— TASK REQUIREMENTS —
In the copy, keep every line below as it is and leave out the pictures.

— DATASET EXCERPT —
....
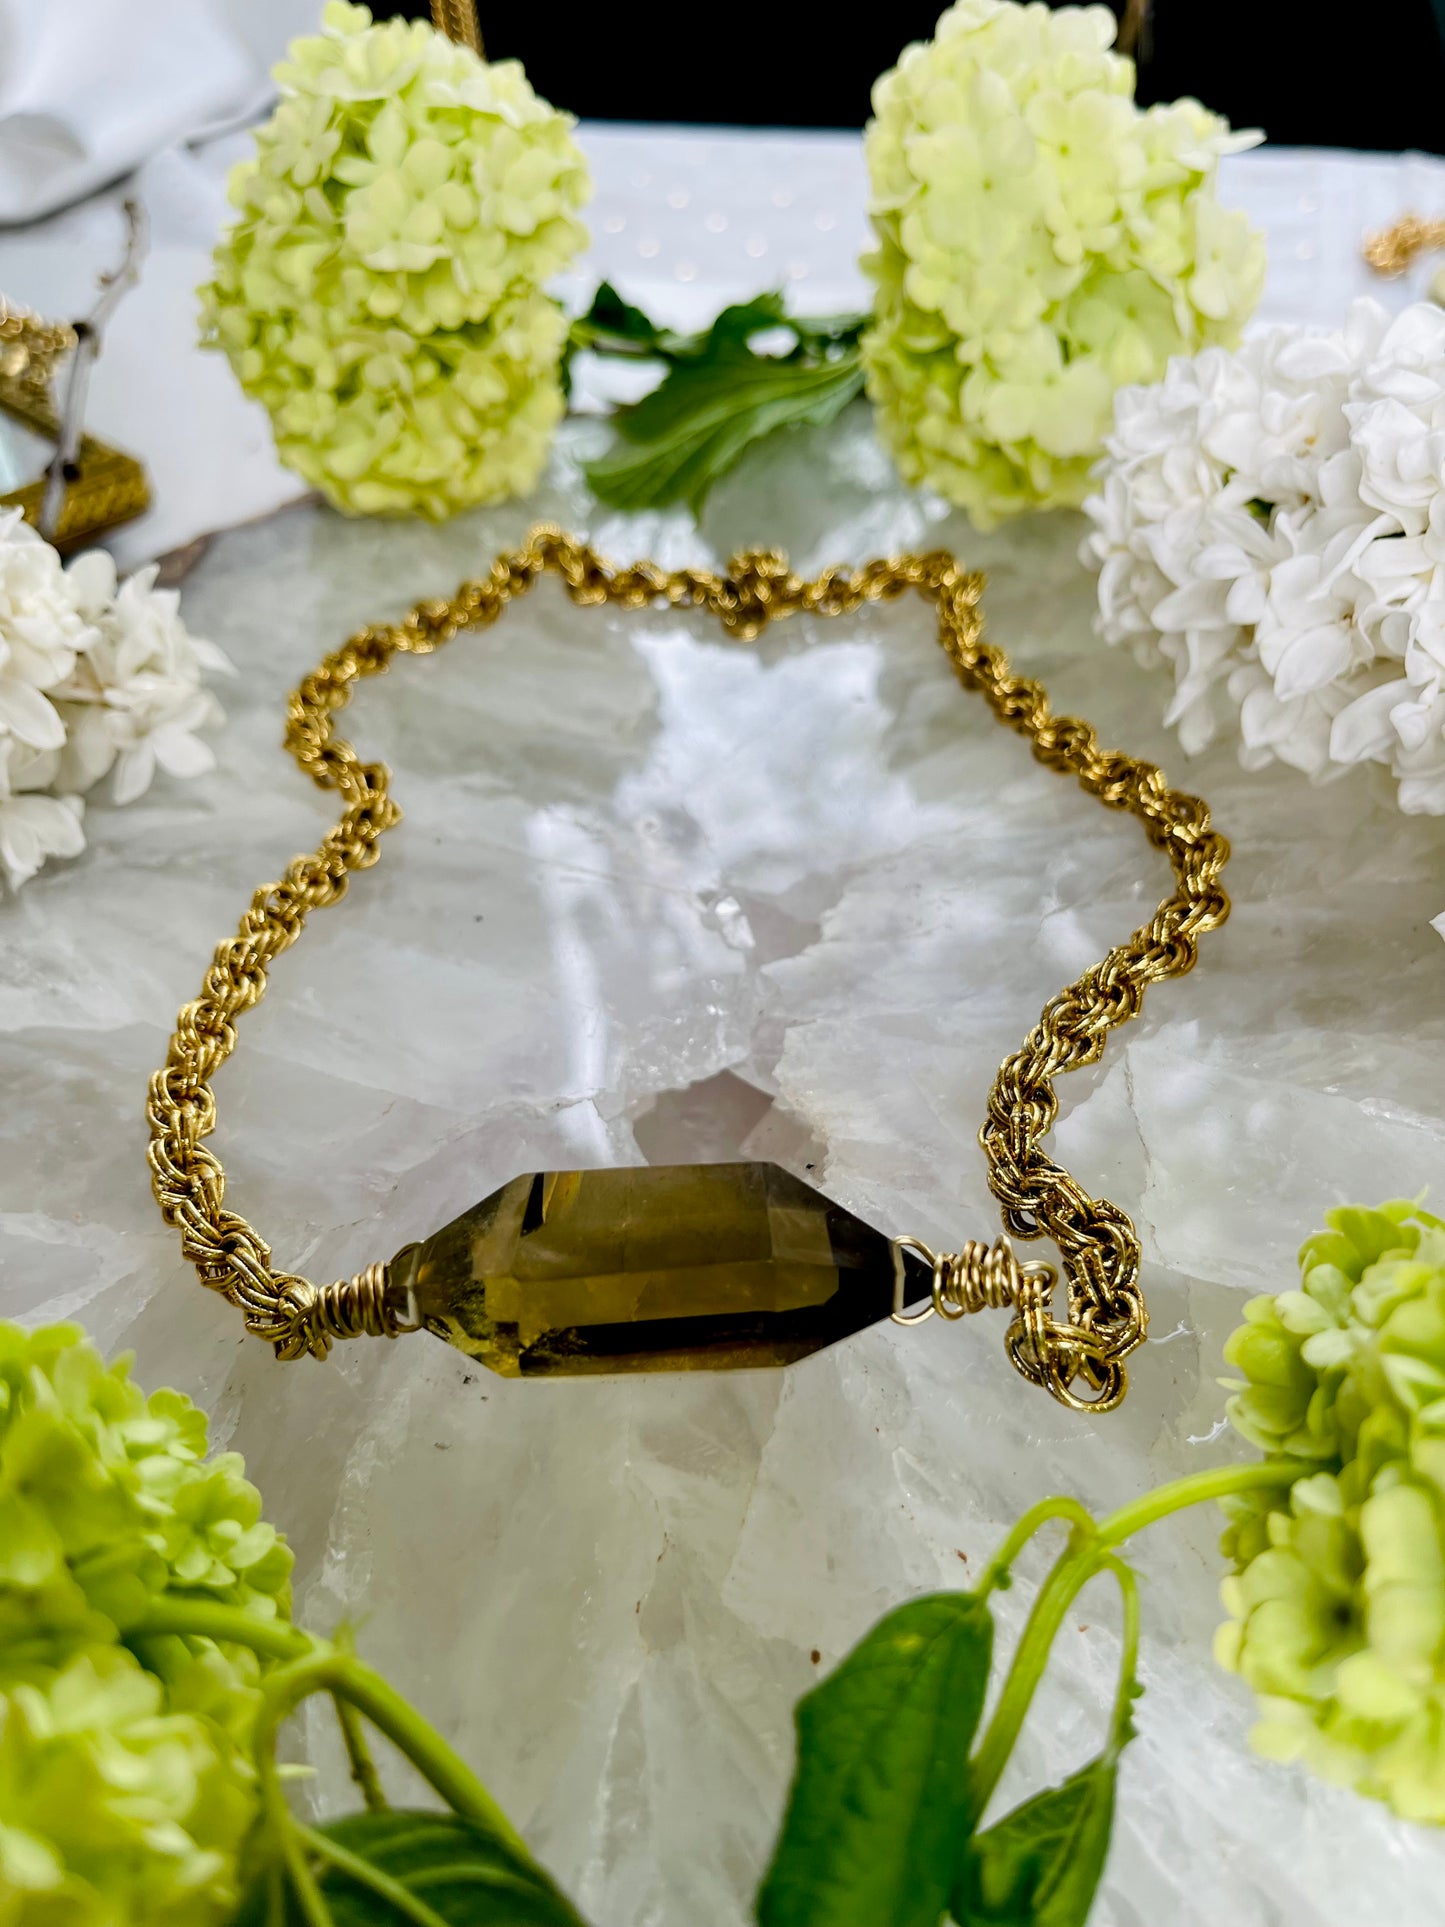 Double Terminated Brilliant Rare Lux Gem Cut Citrine Hand wrapped on vintage reimagined choker chain
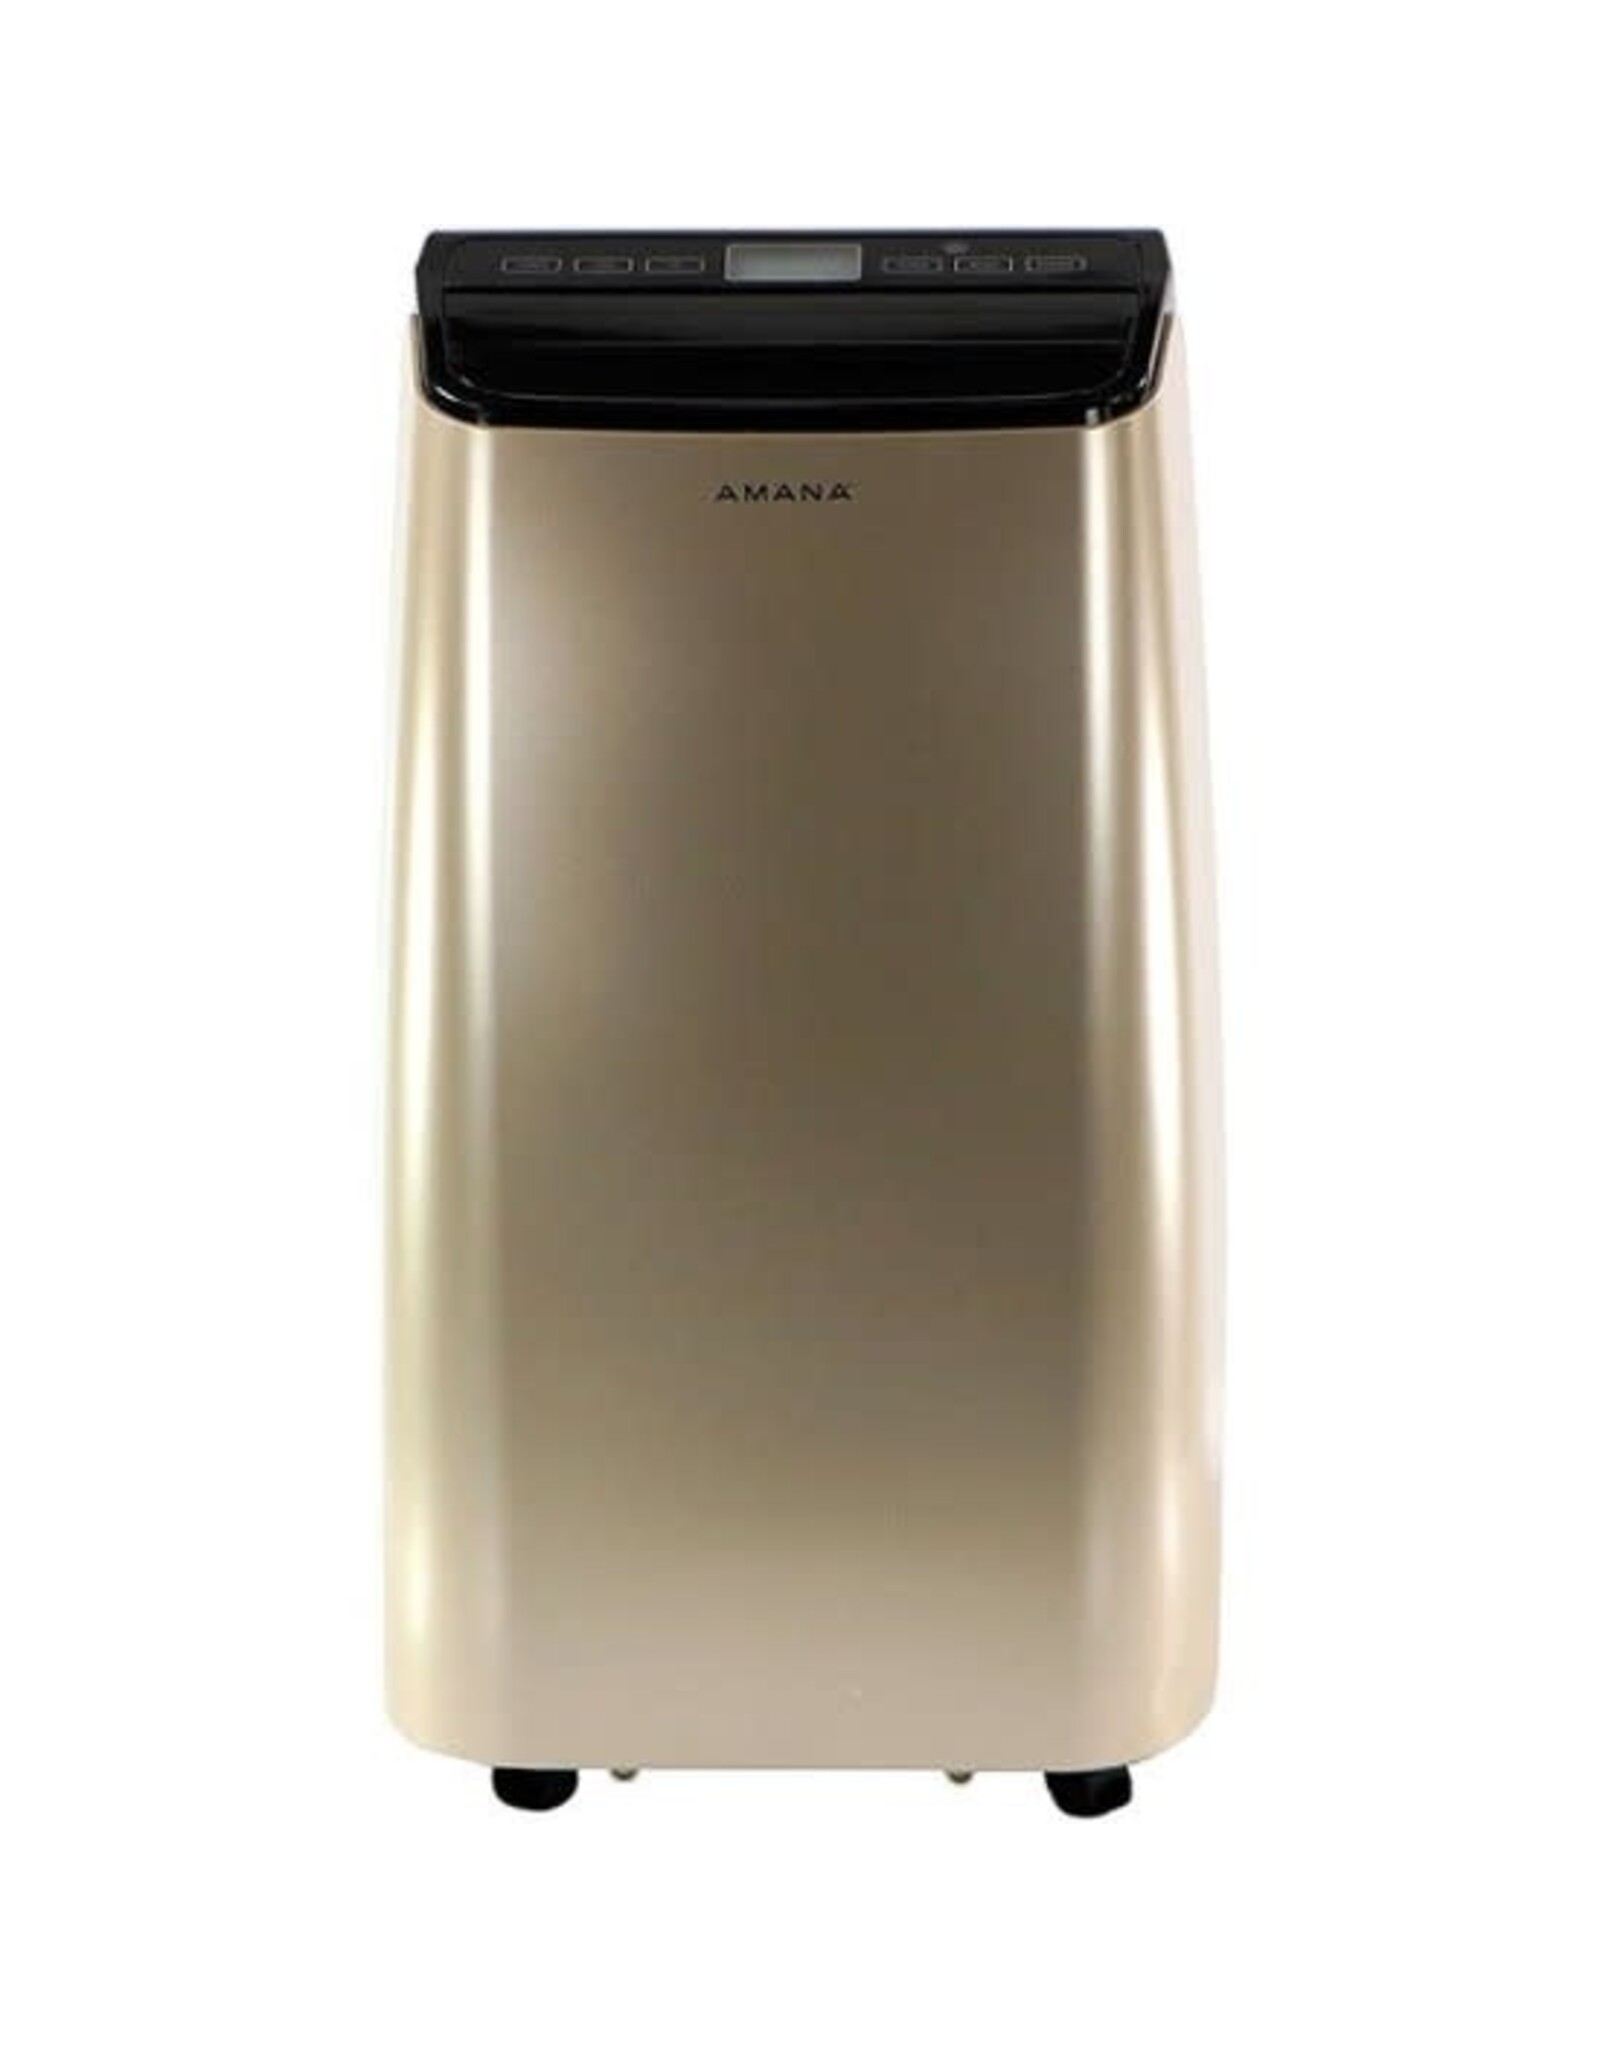 AMANA AMAP121AD-2 Amana 7,500 BTU Portable Air Conditioner Cools 500 Sq. Ft. with LCD Display, Auto-Restart and Wheels in Gold
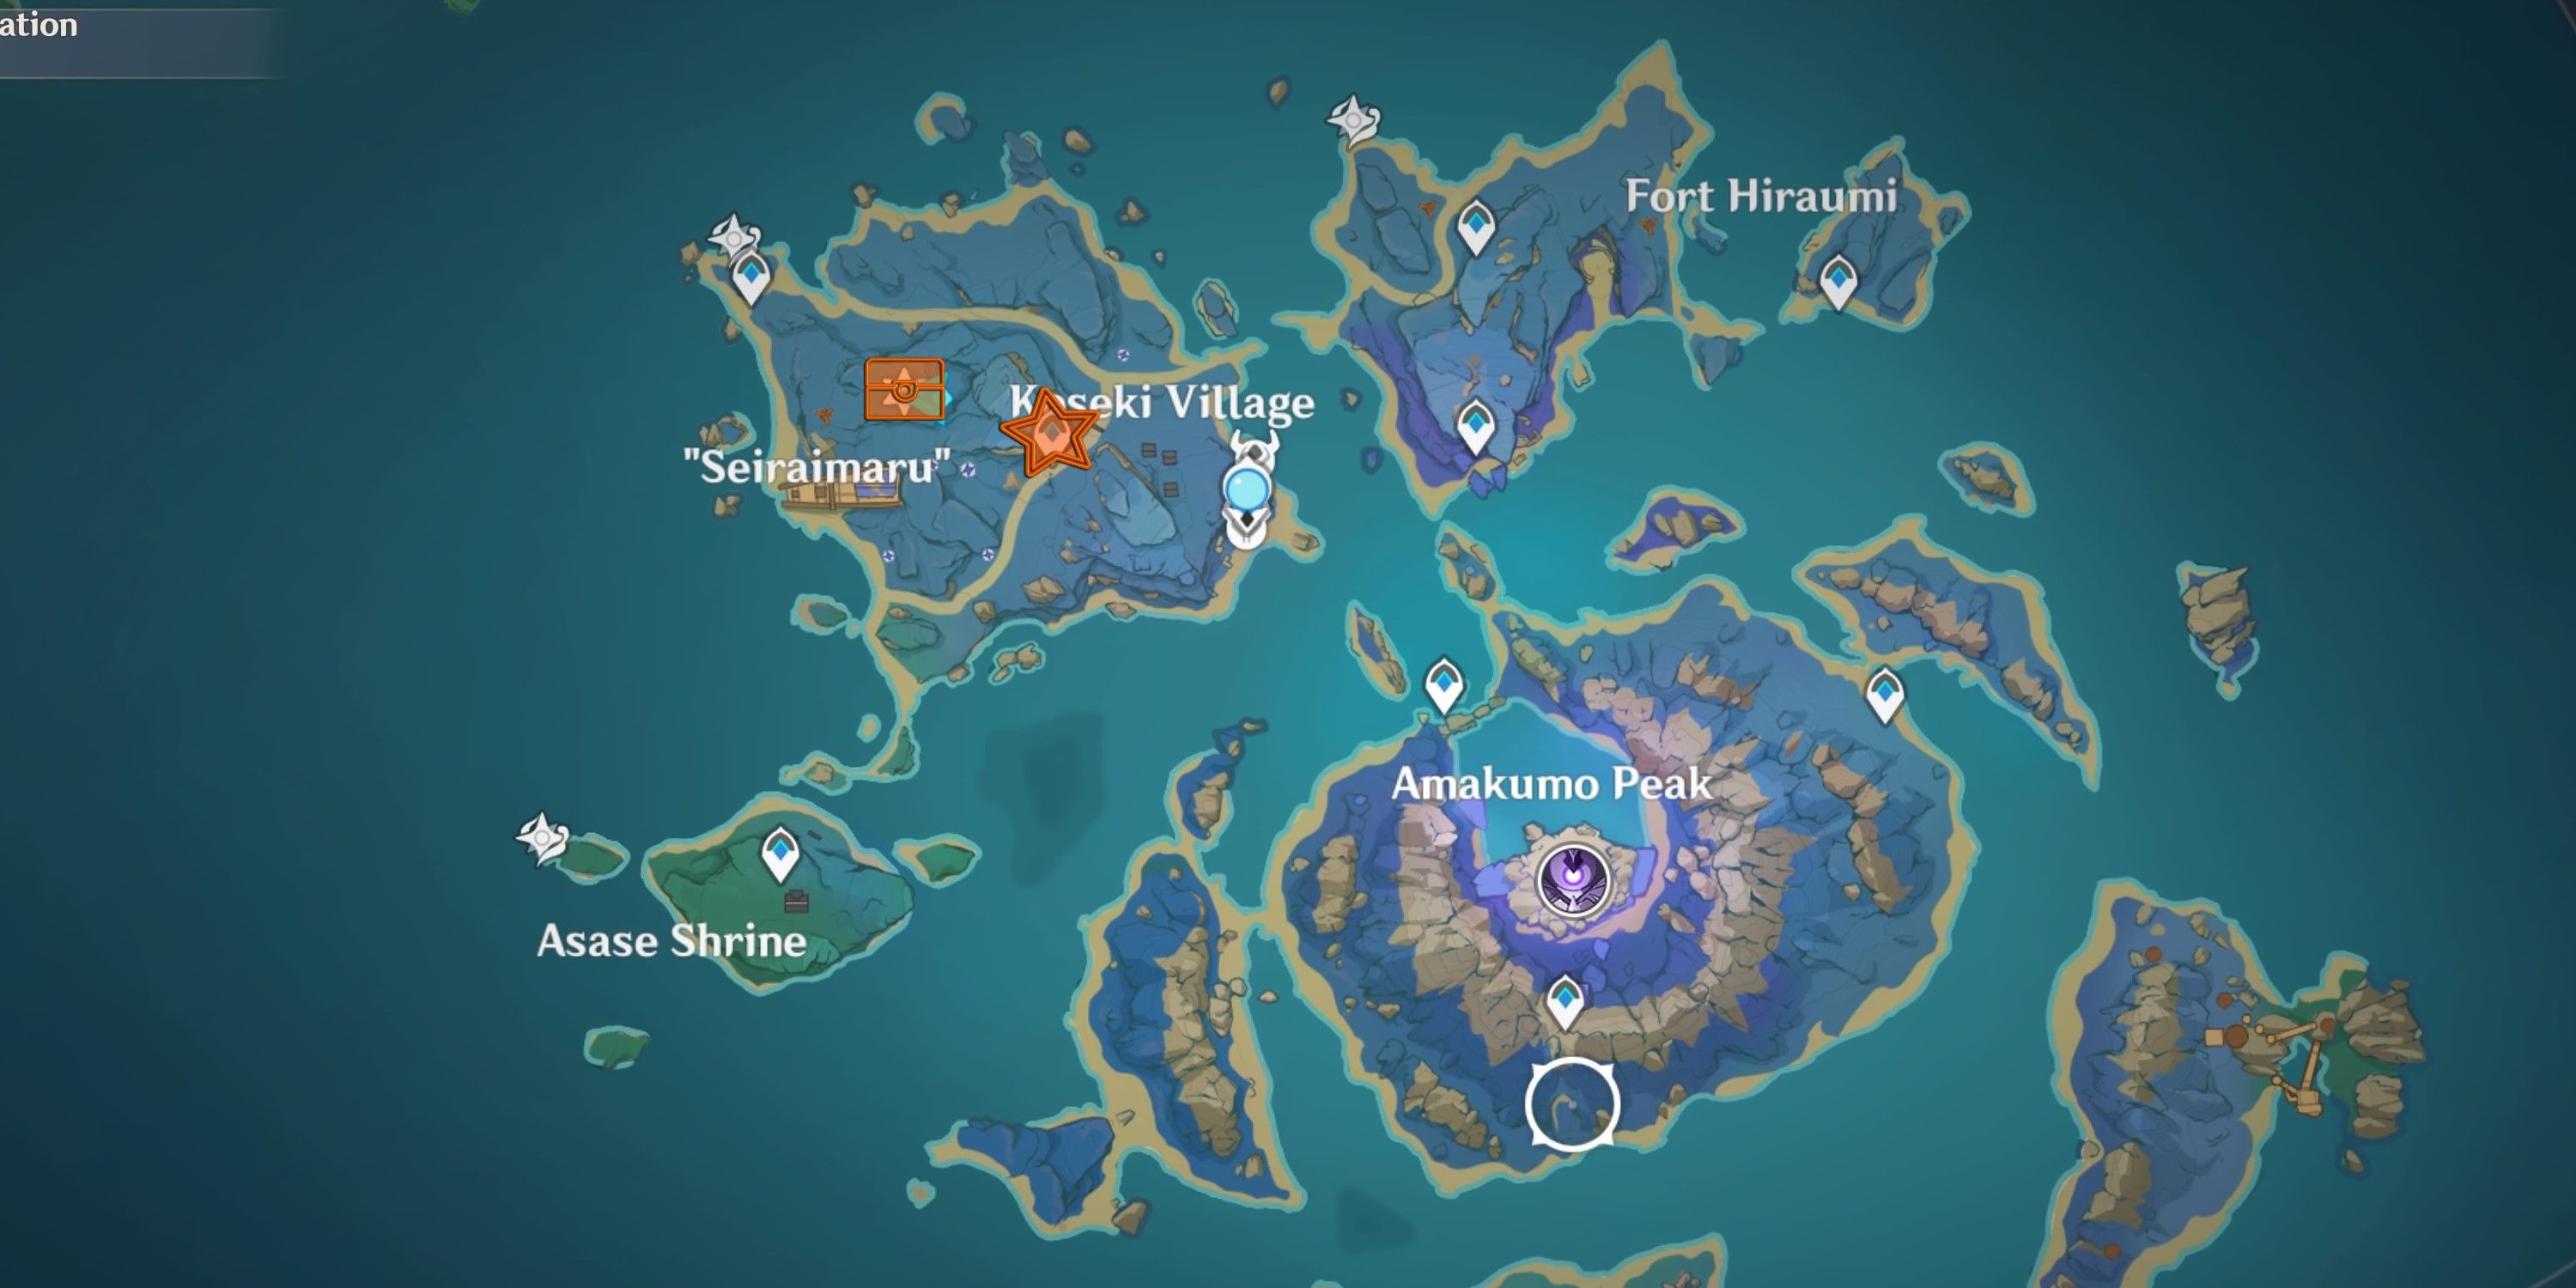 Genshin Impact: Shrine of Depth Map showing Serai Island, the map shows highlighted areas
....
— WORKED SOLUTION —
 Double Terminated Brilliant Rare Lux Gem Cut Citrine Hand wrapped on vintage reimagined choker chain
 AMANA AMAP121AD-2 Amana 7,500 BTU Portable Air Conditioner Cools 500 Sq. Ft. with LCD Display, Auto-Restart and Wheels in Gold
 Genshin Impact: Shrine of Depth Map showing Serai Island, the map shows highlighted areas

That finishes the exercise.